— Exercise goal —
Below are records with pictures; copy word for word only the lines between the line with "Магучіх зустрічається із" and the line with "أوراق عمل لمادة", inclusive, and drop the pictures.

— Data for processing —
++++++

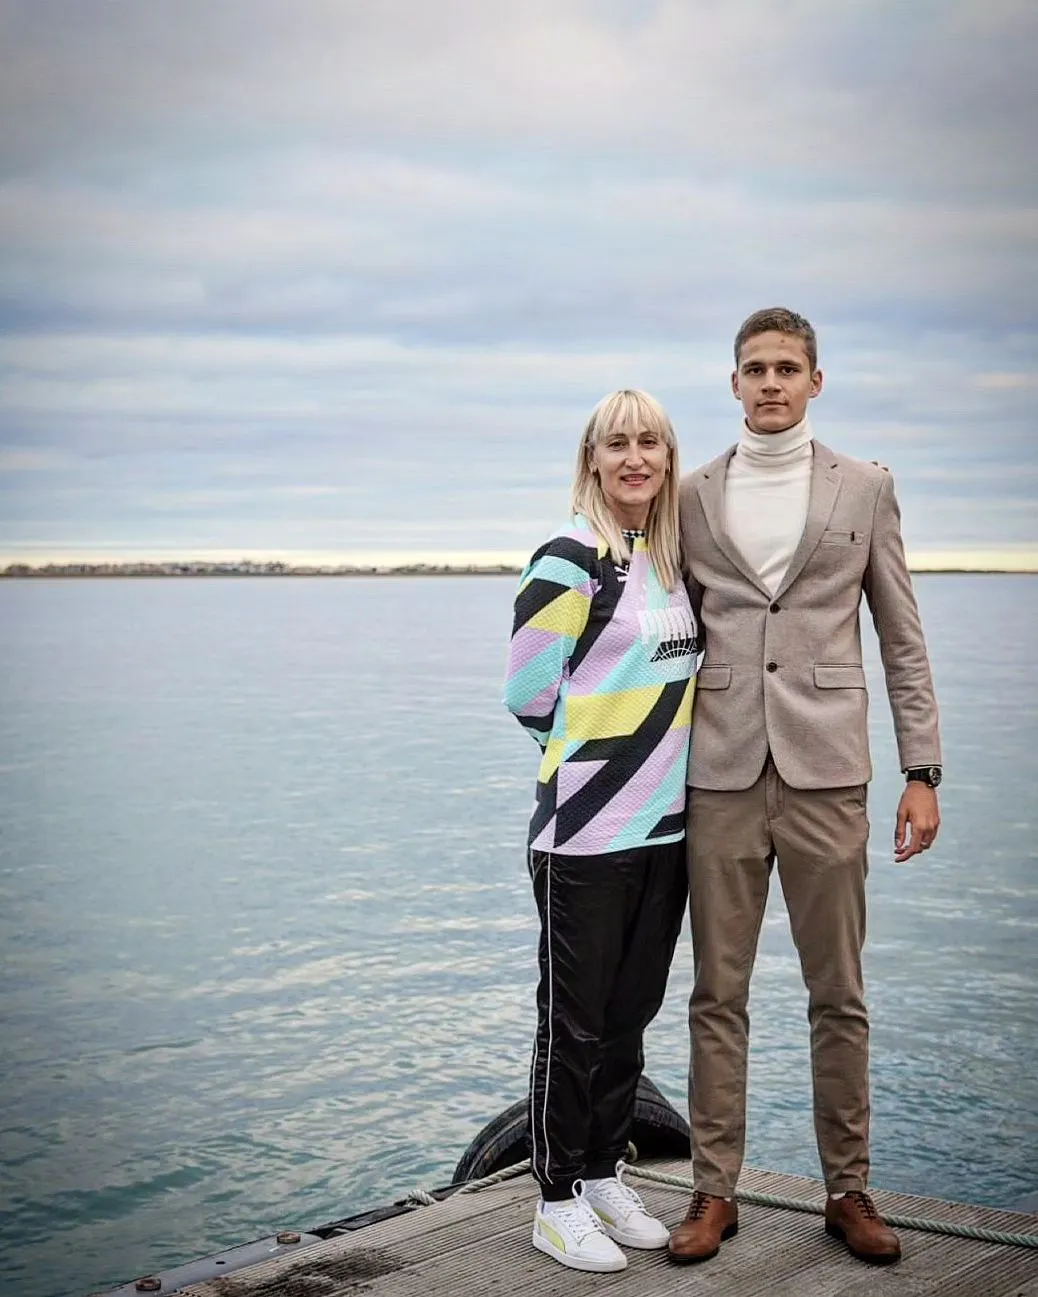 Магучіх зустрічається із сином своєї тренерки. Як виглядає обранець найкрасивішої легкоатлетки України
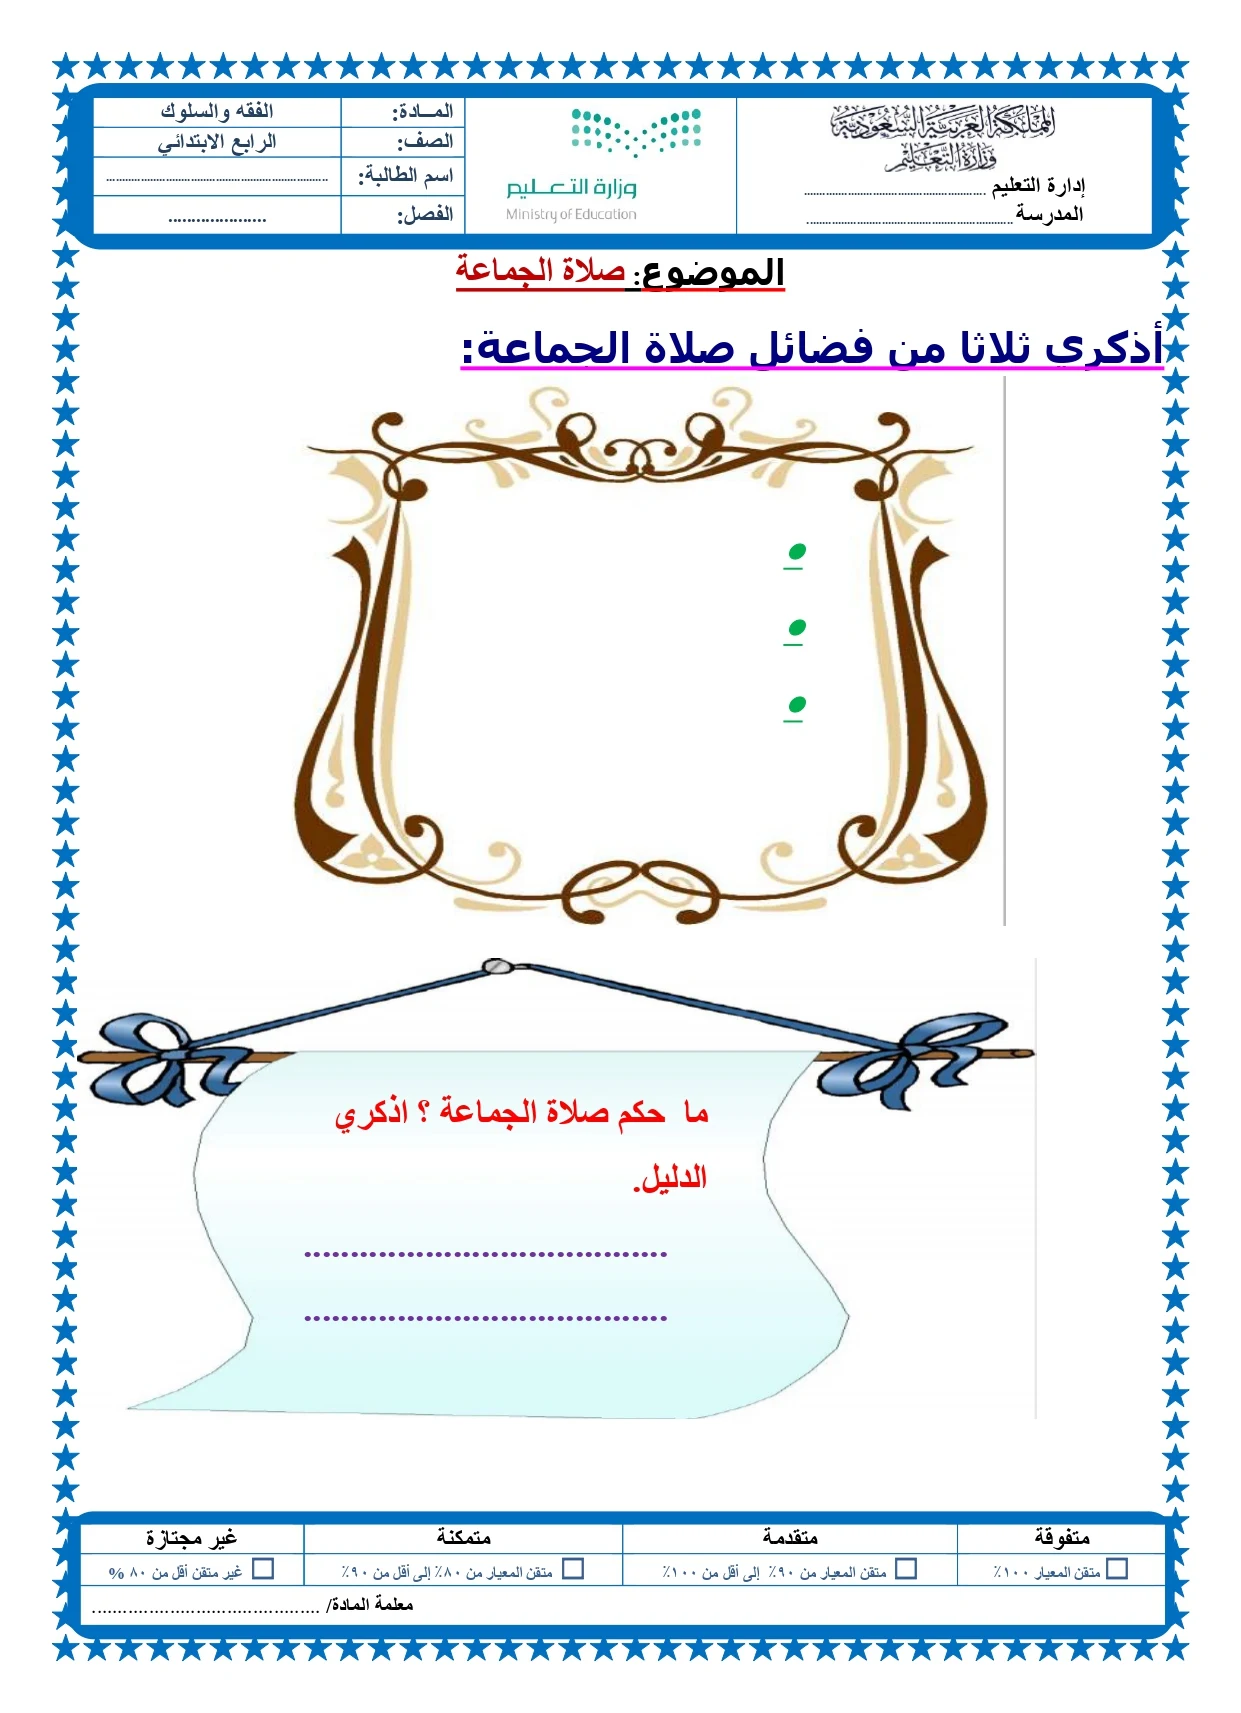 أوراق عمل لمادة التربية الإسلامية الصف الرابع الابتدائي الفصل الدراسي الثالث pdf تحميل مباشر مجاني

++++++

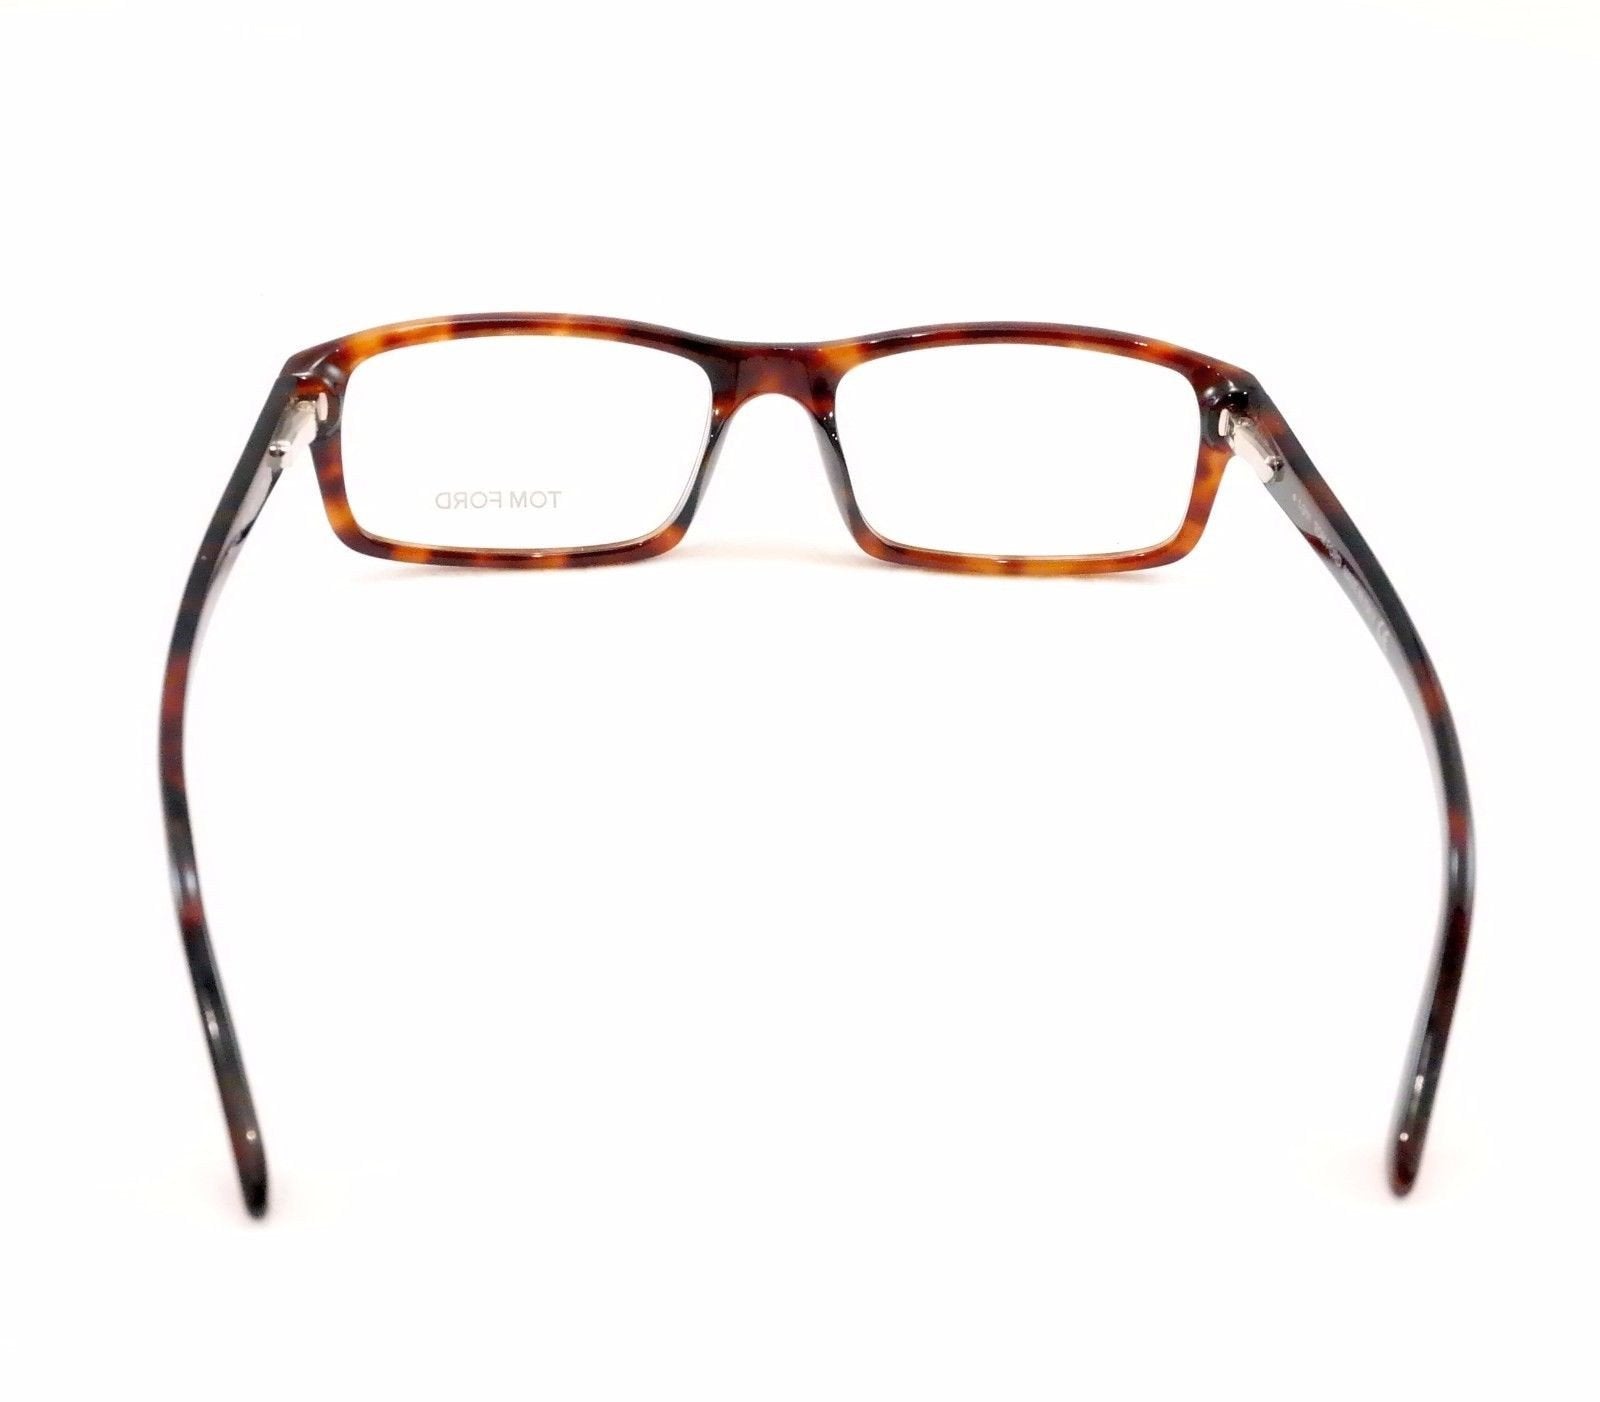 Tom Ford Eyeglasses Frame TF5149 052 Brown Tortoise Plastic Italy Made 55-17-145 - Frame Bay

++++++

— Exercise result —
 Магучіх зустрічається із сином своєї тренерки. Як виглядає обранець найкрасивішої легкоатлетки України
 أوراق عمل لمادة التربية الإسلامية الصف الرابع الابتدائي الفصل الدراسي الثالث pdf تحميل مباشر مجاني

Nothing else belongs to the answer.